Funding local health care centers that meet the needs of diverse and underserved populations is crucial, Trahan responded.

“It’s so helpful to know that there are people that we can go to in our community who have all the tools to get our refugees and others the help they need,” she said. “I get all the credit and accolades, but you’re only as good as your team.”

Dr. Robert Marlin, chief of the Metta Health Center, said the grant provides a continuum of care to address critical needs over a longer period of time.

“The grant for torture survivors will give us the ability to offer more services,” he said. “We practice holistic care and whole-person care, and to do that we need more than what’s already here.”

Marlin said the funding will help refugees build a healthy, stable and successful life in their new home.

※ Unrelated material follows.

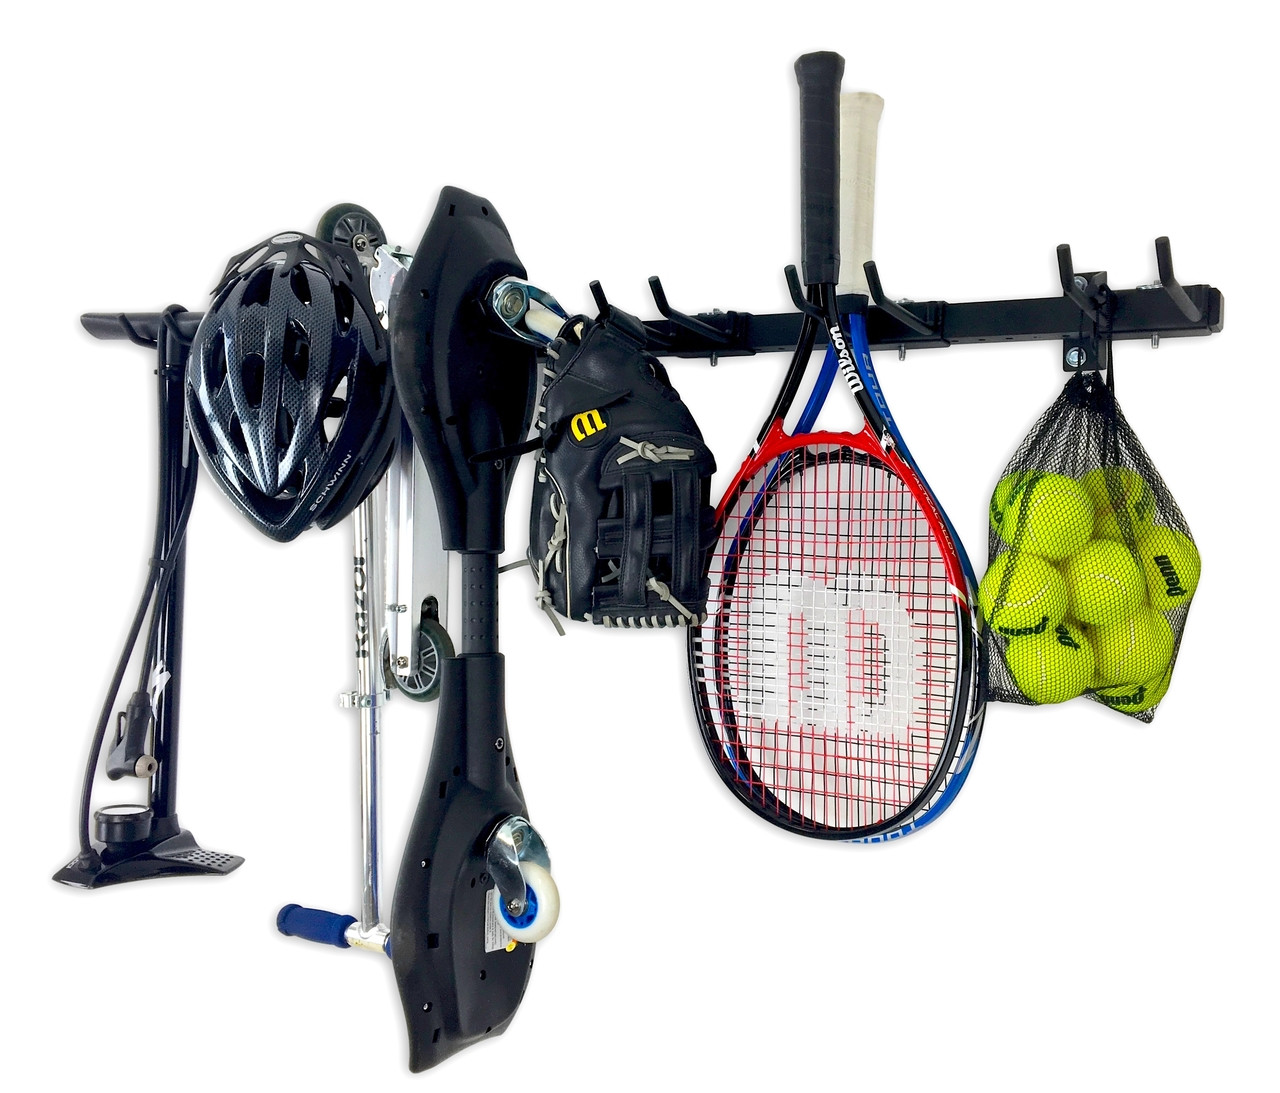 Omni Sports Equipment Rack | Compact | Wall Mounted Home U0026 Garage Storage  System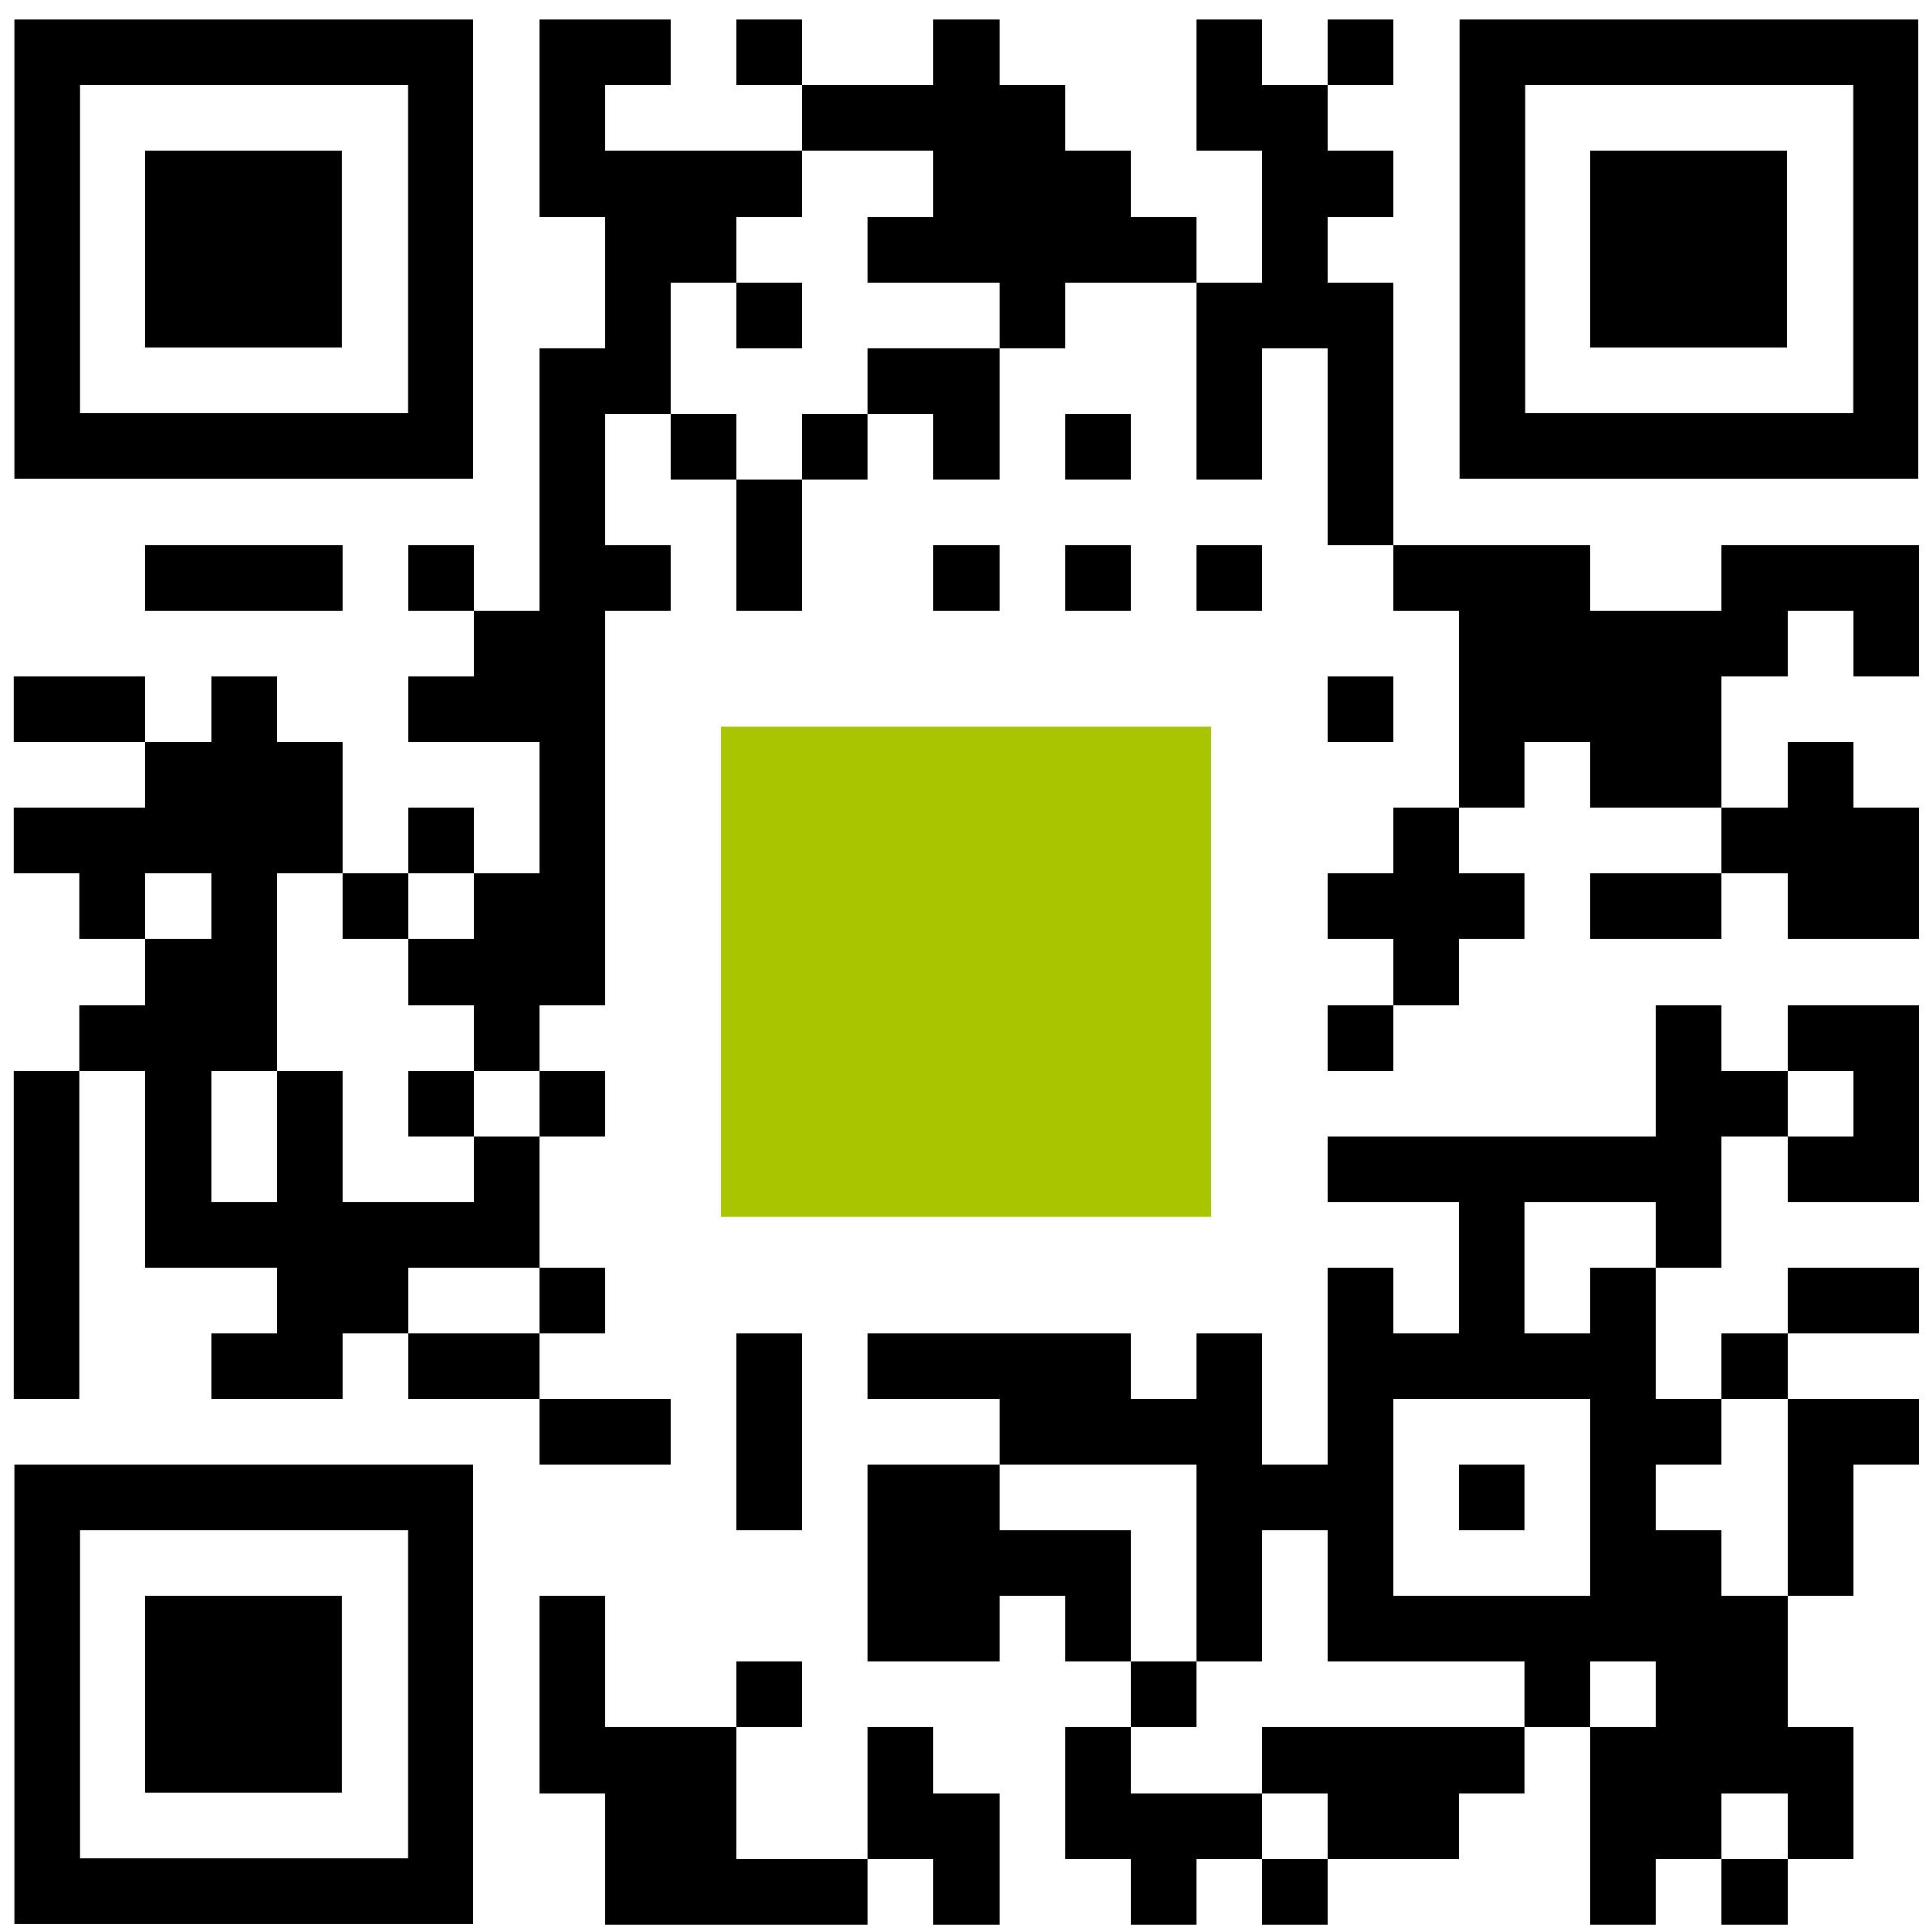 QR_Code_ASPION_G-Log_App

“With the grant, through the partnerships we have, we’ll be able to provide employment services to make sure people know how to get jobs,” Marlin said. “We’re going to have a full-time immigration attorney to help people apply for asylum.”

A significant number of LCHC staff are former refugees, and Marlin said the grant money will allow them “to bring in a consultant to help our staff deal with the secondary trauma” of doing the intensive, client-facing work.

The goal of the “Partners in Prevention” grant, which provides $500,000 per year over a five-year period, will be to reduce the transmission of HIV through rapid testing and response outreach.

Senior Director of Clinical Systems and Support Karen Peugh will oversee the prevention and screening team. She said her people are ready to hit the streets.

“It’s a significant investment in our community and our program,” Peugh said. “It’s all about rapid response and rapid testing in the field for HIV. It’s something that we haven’t had access to, and it’s really a gamechanger. This grant will allow the team to provide some sustainable services over the next five years for our community.”

During the tour of the bright and airy clinical services floor, which featured exam rooms filled with equipment, Trahan met Refugee Health Services Manager Toy Vongpheth. Every refugee meets Vongpheth, Levine said, “and she helps our new arrivals feel like this can be their home.”

Vongpheth put her hands together in a form of prayer and quietly thanked Trahan for the funding.

“Thank you for getting us the supports we need for our community to share with these people,” she said.